The first position estimation portion 21 acquires information (first information) of the position, the attitude, and the like of the movable body M by a predetermined position measurement based on the information acquired from the position measurement signal reception portion 11. The first position estimation portion 21 outputs the acquired first information to the storage portion 15, the information integration portion 26, or the like.
The point group process portion 22 performs so-called scan matching by comparing point group data acquired from the object detection portion 12 with point group data (point group map) used for reference and acquired in advance. The point group process portion 22 acquires a relative displacement (displacement of the position, the attitude, and the like) between the different point group data by the scan matching. The point group process portion 22 outputs the acquired relative displacement to the second position estimation portion 23.
The second position estimation portion 23 acquires information (second information) of the position, the attitude, and the like of the movable body M by a predetermined position measurement based on the point group data and the relative displacement acquired from the point group process portion 22. The second position estimation portion 23 outputs the acquired second information to the storage portion 15, the information integration portion 26, or the like.
The attitude estimation portion 24 acquires information of the attitude of the movable body M by a predetermined calculation based on the inertia information acquired from the inertia detection portion 13 or the like. The attitude estimation portion 24 calculates an attitude angle (a roll angle and a pitch angle) and an azimuth angle (a yaw angle) of the movable body M, for example, on the basis of a three-axis acceleration and a three-axis angular speed. The attitude estimation portion 24 outputs the acquired information of the attitude to the inertial navigation process portion 25.

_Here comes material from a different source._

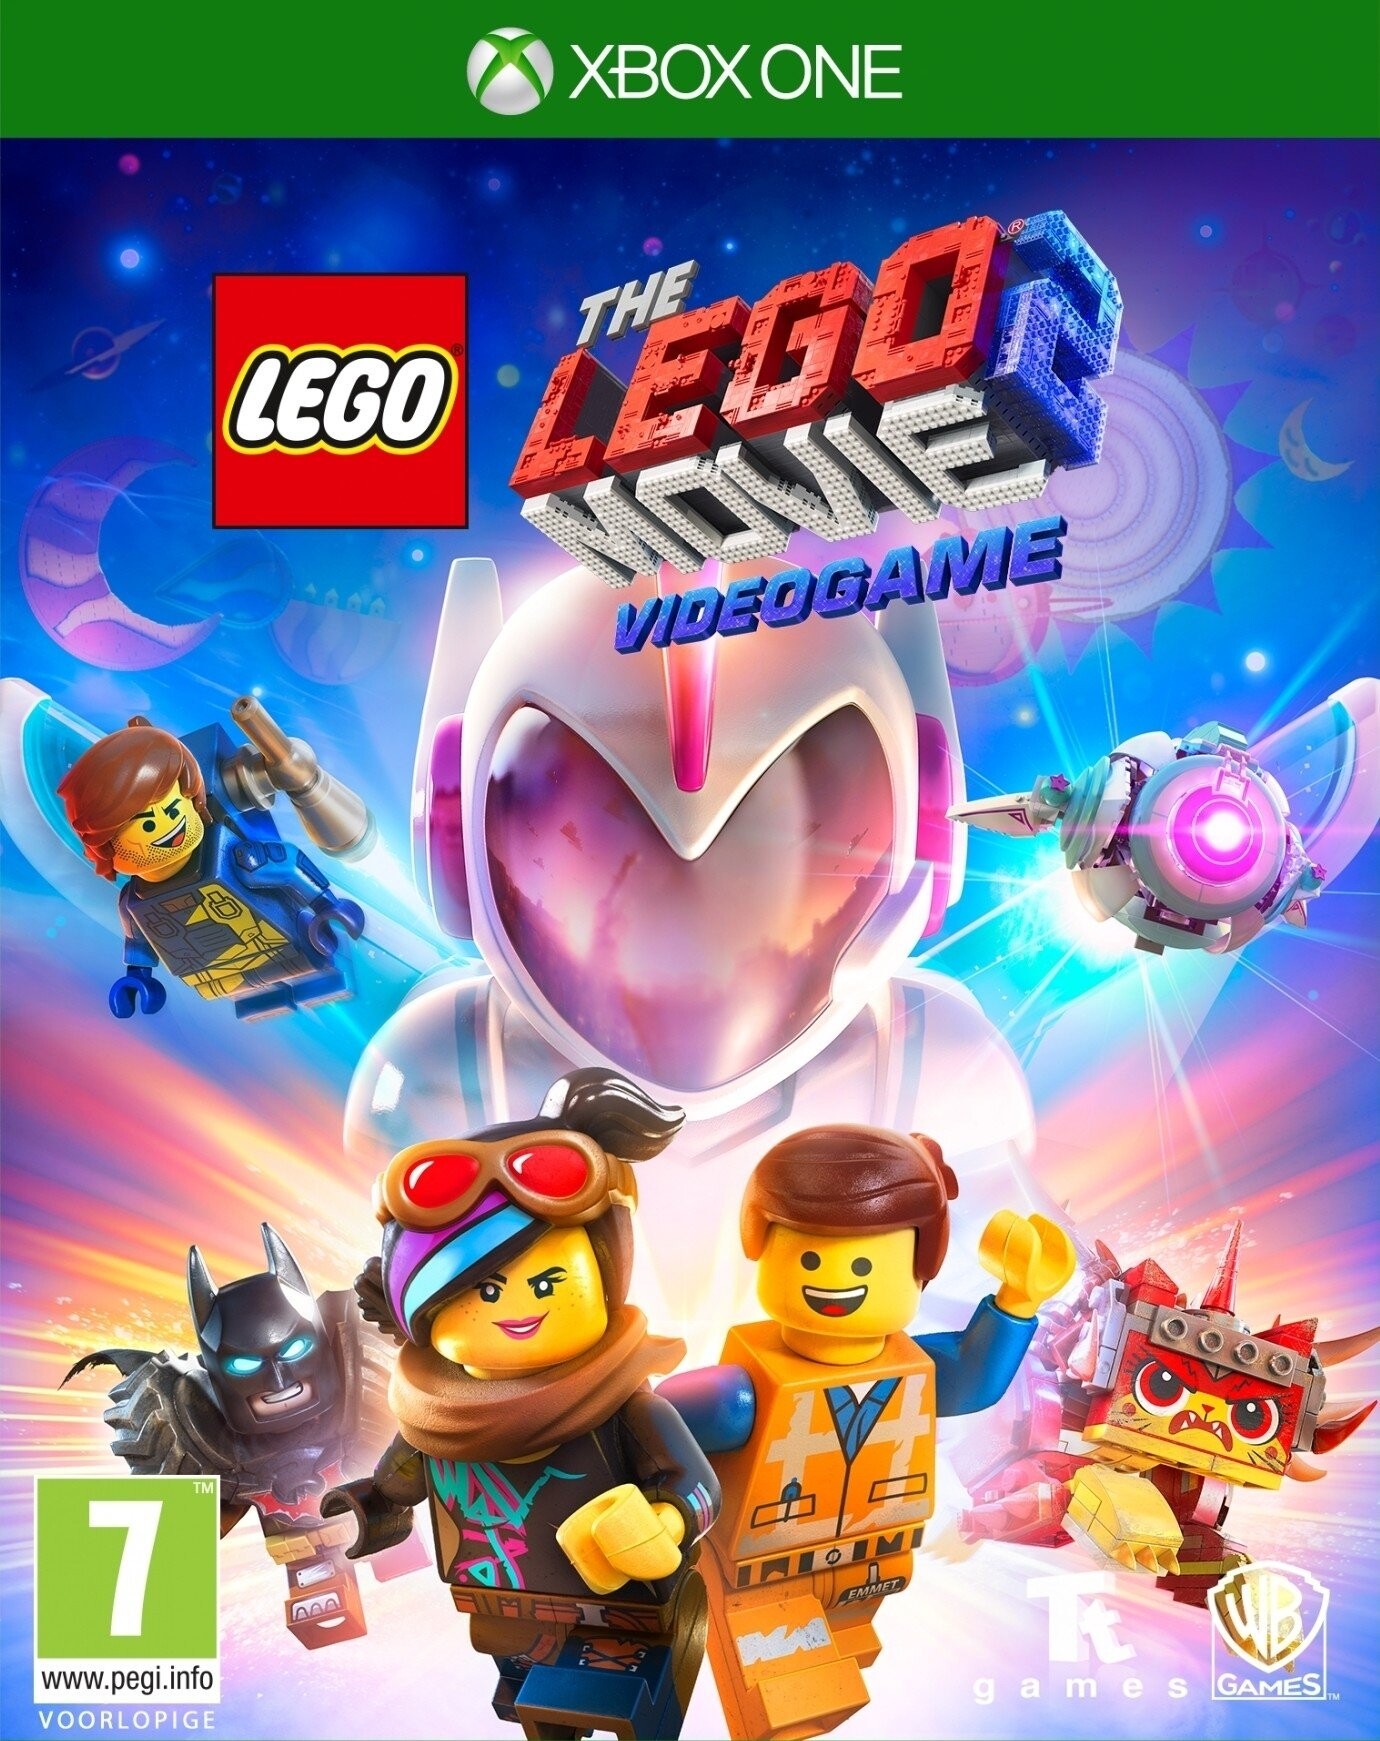 Sandsynligvis Leopard Martin Luther King Junior The Lego Movie 2 - Videogame xbox one → Køb billigt her - Gucca.dk

The inertial navigation process portion 25 acquires information (third information) of a position, a speed, an attitude, and the like of the movable body M by a predetermined inertial navigation calculation or the like based on the information of the attitude of the movable body M acquired from the attitude estimation portion 24. The inertial navigation process portion 25 acquires the third information by the inertial navigation calculation or the like, for example, at each time when a state change by a change of a movement distance or an attitude angle of the movable body M or the like becomes a predetermined value or more. The inertial navigation process portion 25 outputs the acquired third information to the storage portion 15, the information integration portion 26, or the like.
The information integration portion 26 integrates, for example, information of the position, the attitude, and the like of the movable body M output from each of the first position estimation portion 21, the second position estimation portion 23, and the inertial navigation process portion 25. The information integration portion 26 corrects, for example, time-series third information (first state information) acquired by the inertial navigation process portion 25 by the first information (second state information) and the second information (second state information).
As shown in
The plurality of nodes 31 are associated with a plurality of third information (for example, attitude state amounts X0, X1, X2, X3, X4, X5 . . . relating to the attitude of the movable body M) obtained in a time series.
The plurality of internode factors 32 connect the nodes 31 adjacent to each other in the time series. Each of the plurality of internode factors 32 relatively constrains the adjacent nodes 31. Each of the plurality of internode factors 32 is associated with, for example, integration information (for example, integration information I1, I2, I3, I4, I5 . . . ) obtained by integration of inertia information output from the inertia detection portion 13. The integration information is, for example, information used in a predetermined inertial navigation calculation or the like by the inertial navigation process portion 25.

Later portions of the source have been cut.